Farhat Abbas telah menyiapkan sejumlah bukti dan saksi saat akan diperiksa sebagai pelapor terkait kasus dugaan pornografi yang menyeret nama Hotman Paris Hutapea.
- Lailatul Maghfiroh
- Rabu, 07 Agustus 2019 - 09:28 WIB
WowKeren - Farhat Abbas mengabarkan bahwa hari ini, Rabu (7/8) akan mendatangi Polda Metro Jaya untuk memenuhi panggilan polisi. Kehadirannya tersebut tak lain untuk melakukan pemeriksaan dirinya sebagai pelapor terkait kasus dugaan pornografi yang menyeret nama Hotman Paris Hutapea.
“Teman-teman besok jam dua,” ujar Farhat pada video postingannya di Instagram. “Farhat Abbas akan diperiksa sebagai pelapor akun HP official kasus penyebaran konten asusila, porno, blue film, nah itu yang disayembarakannya bukan dia yang main, tapi akun ini yang memposting, jadi ini merusak bangsa.”
Selain itu, Farhat juga mengaku telah menyiapkan sejumlah barang bukti terkait apa yang ia laporkan ke kantor polisi. “Alhamdulillah saya dipanggil Polda Metro Jaya dan kita bawa barang bukti ya, bawa saksi juga sekalian, kemudian rekaman-rekaman video blue filmnya ter-capture dari rekaman video itu,” papar Farhat.
Lebih lanjut, Farhat juga berharap agar pihak kepolisian dapat bertindak cepat dan tegas dalam menangani kasus yang ia laporkan ini. Mengingat sebelumnya polisi juga secara cepat menetapkan status tersangka pada kasus “Ikan Asin” yang dilaporkan oleh Hotman.

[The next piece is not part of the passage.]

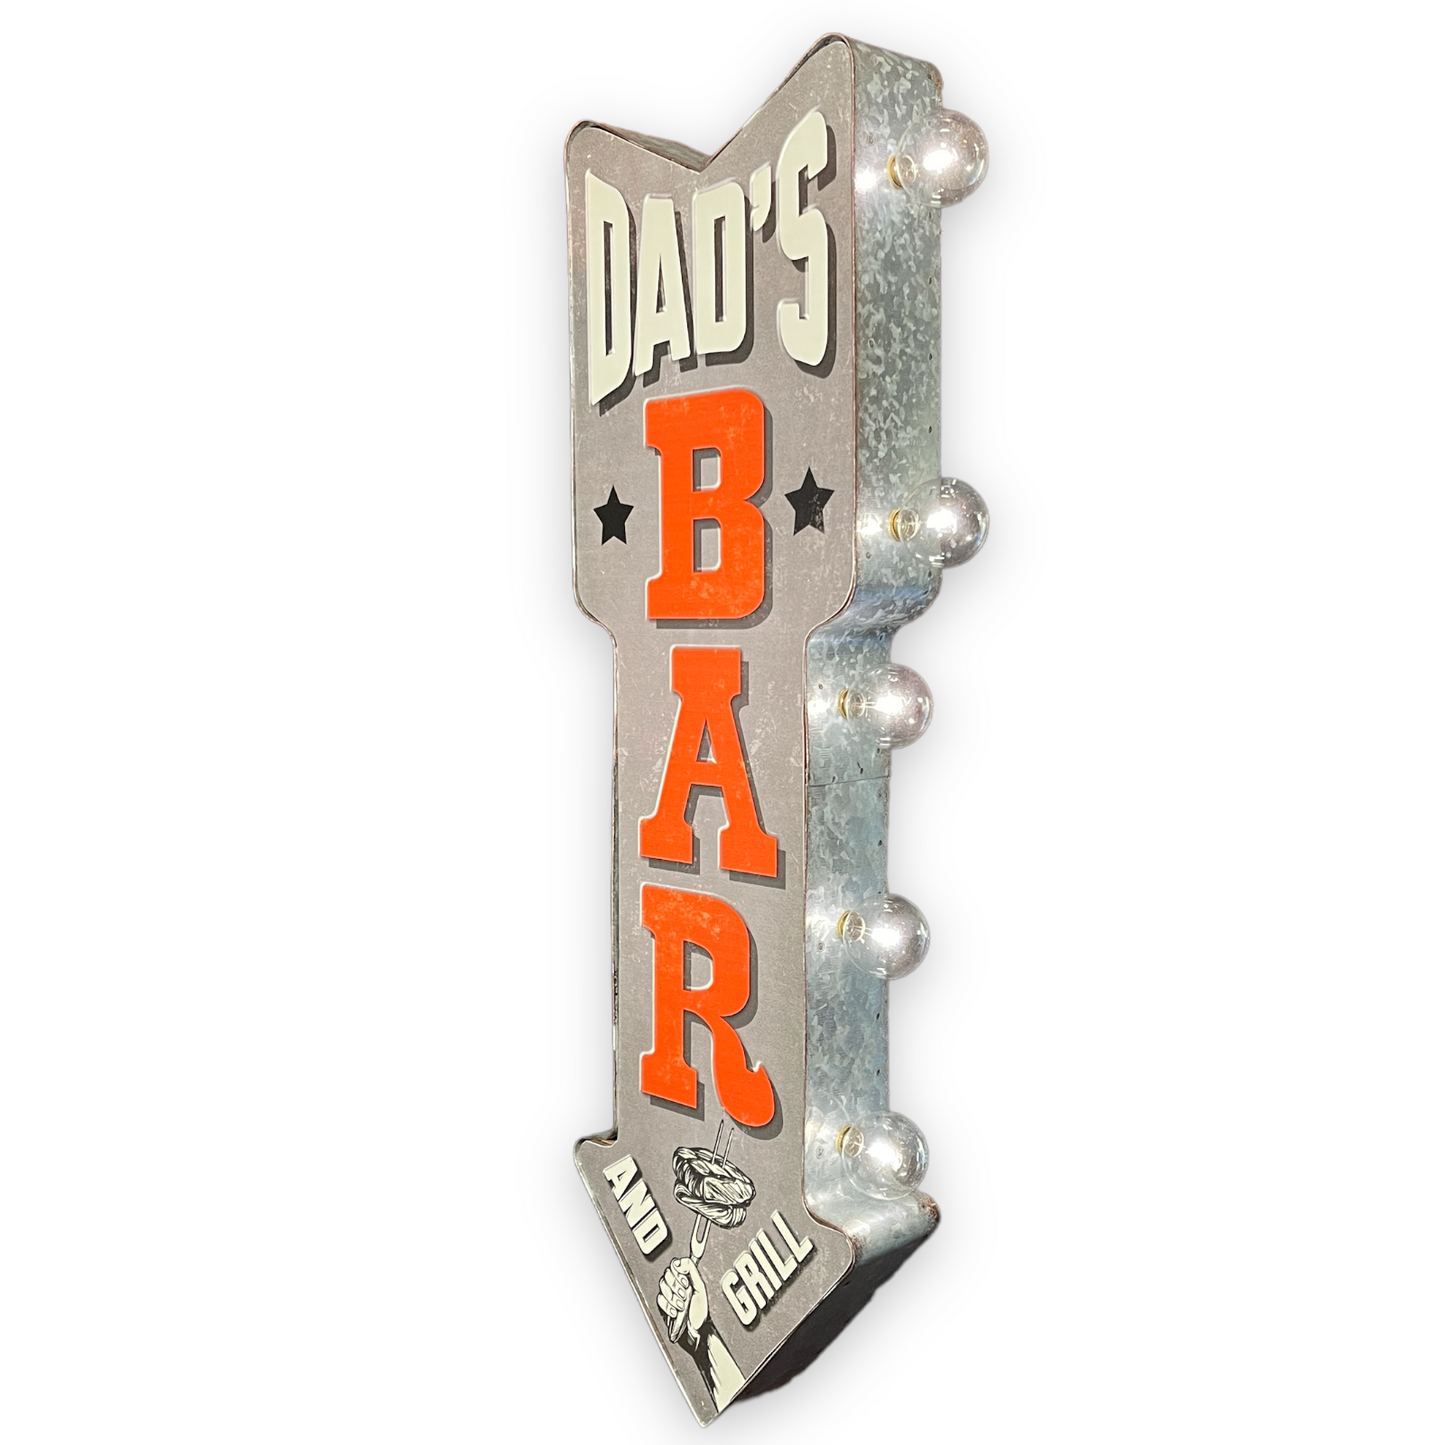 Dad's Bar LED Arrow Sign

“Kita harapkan mudah-mudahan setelah saya diperiksa 10 hari polisi bisa menetapkan status tersangka, menangkap dan memenjarakan orang yang memposting itu,” ujar Farhat. “Apresiasi, cepet banget, kalau memang polisi profesional ya bagaimana memperlakukan Pablo dan Rey ya harusnya perlakukan juga terhadap yang melakukan asusila itu, mantap deh.”
Tak hanya itu, Farhat juga telah menyiapkan sejumlah saksi untuk memperkuat laporannya tersebut. Sehingga ia meyakini bahwa semua bukti-bukti yang telah terkumpul menjadi sangat kuat untuk segera menetapkan status Hotman sebagai tersangka.
“Udah kuat semua, lengkap, sampai dia ngadu ke siapa, curhat ke siapa, saya tahu,” tegas Farhat. “Ada puluhan saksi, sebagian juga orang yang mungkin pernah dia hina bodoh-bodoh, tolol-tolol, sama dia bisa juga, kemudian orang tolol bisa memenjarakan itu bisa.”